2. The amount and quality of effort put into instructing the model - that is, old-fashioned continuous human-assisted feedback.

3. The ability to train a large enough model, appropriately matched (in terms of the number of parameters) to the size of the dataset.

The bottleneck is actually not (3), but (1) and (2). Training the model is mostly just money and fixed time (not to minimize the effort going into optimizing and managing training pipelines, but it is still reasonably straightforward), while (1) and (2) require a lot of custom infrastructure (both compute and human), sufficient user feedback (how many users are using the platform), a lot of (indeterminable) time and is quite error prone. The outcome is highly sensitive to quality data and feedback. Finally, it inevitably raises a number of legal and data ownership issues. Most importantly, these advantages (or lack thereof) will compound over time, making it largely a winner-take-all game.

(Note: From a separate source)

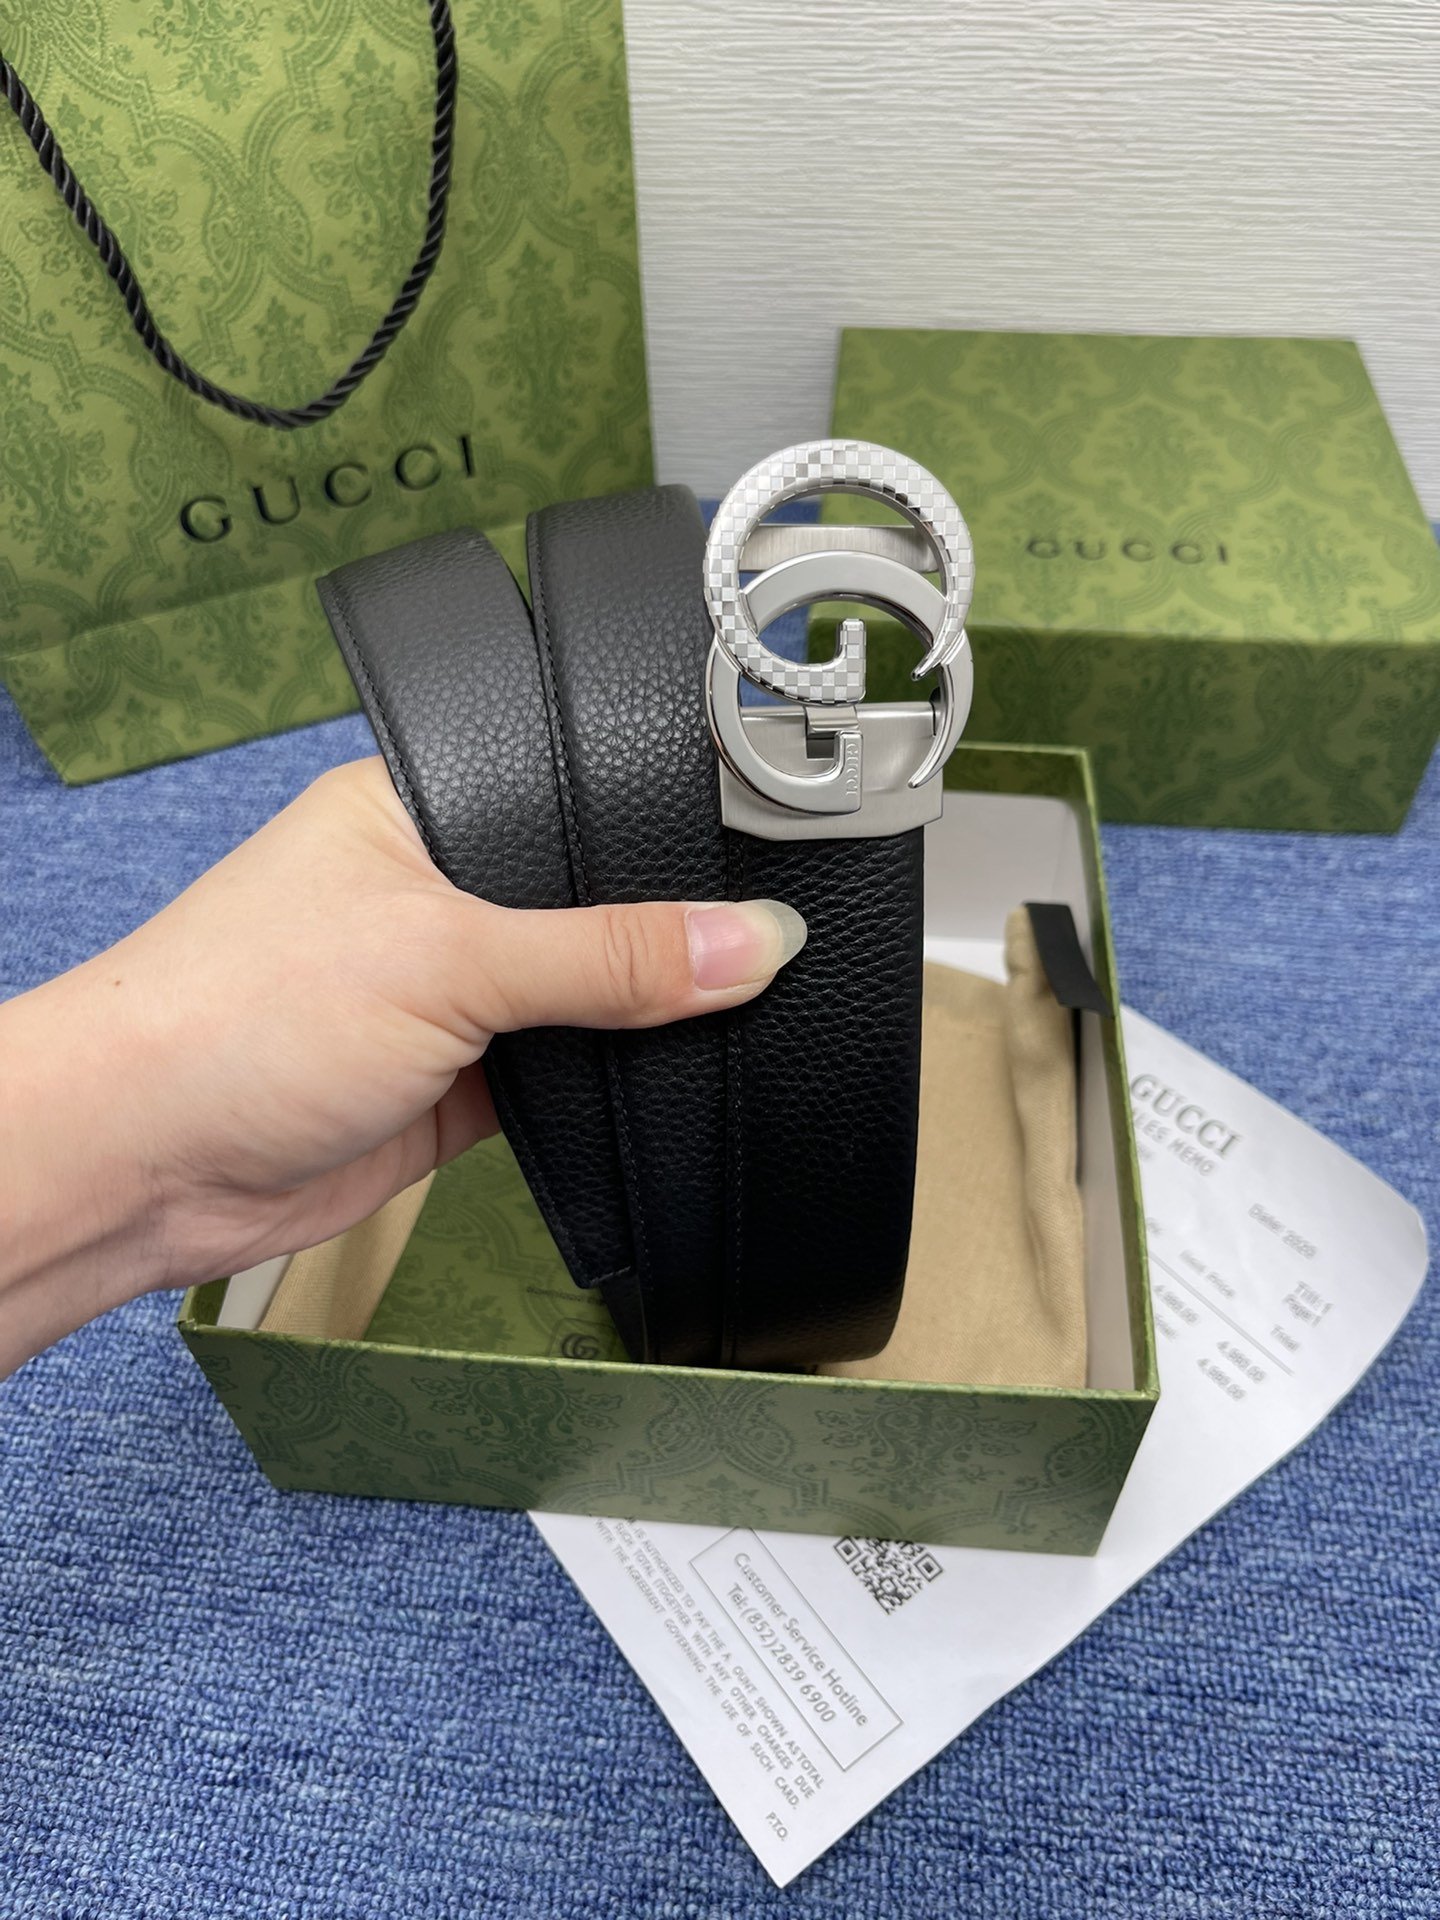 品牌古驰Gucci自动描述采用高级GucciSignature真皮精制而成触感厚实饰以双G商标带扣腰带为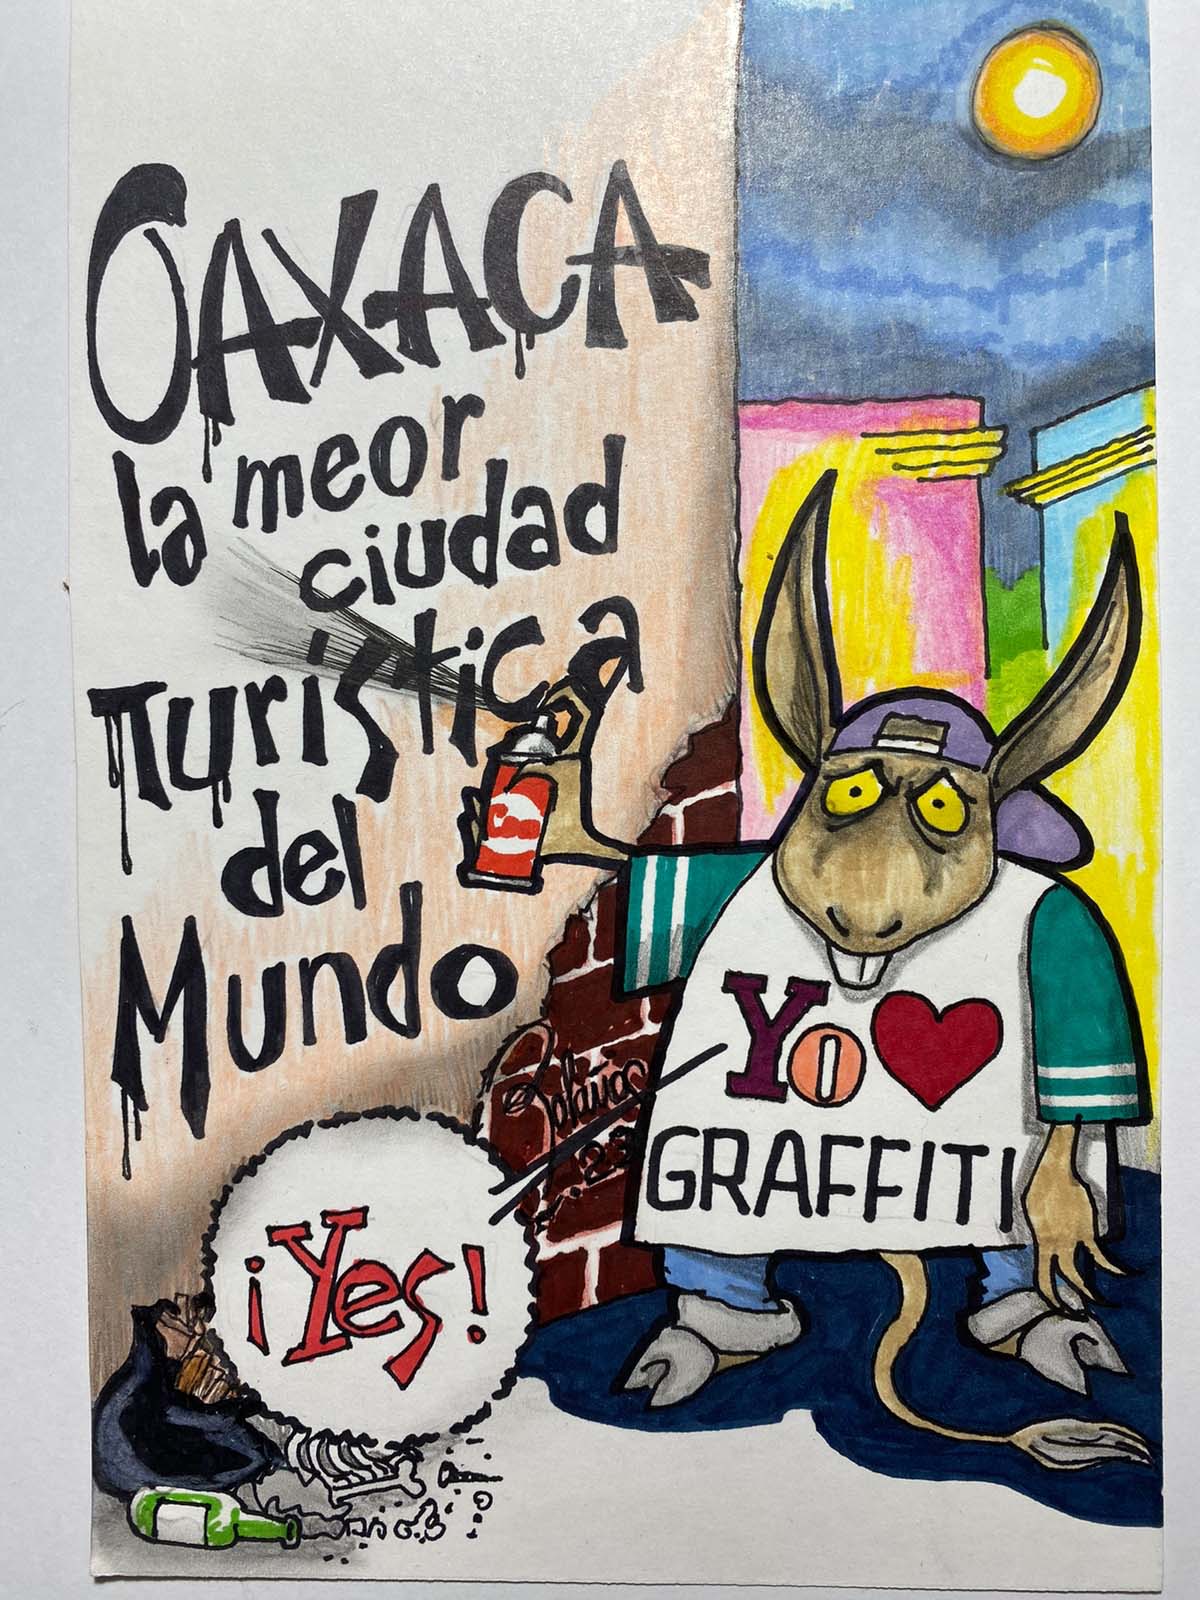 Cartón de Bolaños | El Imparcial de Oaxaca

So - how probable is it that open-source LLMs will catch up? Not very. That’s not to say that there’s no room for smaller task-oriented models (i.e., classification tasks) - but it is hard to see, short of a seismic shift in how data is shared and infrastructure is made available, how open-source/small players will be practically viable in a general-purpose sense.

I should also mention the dangers of overdoing the fine-tuning step. You can kind of see that with the constant flux of quality with well-known public models as they kept being fine-tuned for safety, etc. Fine-tune it long enough - and you will get mostly canned answers (an phenomenon known as catastrophic forgetting. Fine-tuning in general, without the access to the original data and training artifacts is tricky (for obvious basic reasons) - that’s why releasing “open-source” model weights without releasing the original dataset is hardly “open”.

Now - what about AGI that people are so concerned about? Here, you must agree with Jedi Master Yann LeCun that auto-regressive generation (LLMs) is “an exponentially-divergent diffusion process, hence not controllable”. Hence, ultimately, a new architecture, combined with a practical way to efficiently learn and optimize to a world model, capable of hierarchical planning, is needed. So far, this is nowhere in sight.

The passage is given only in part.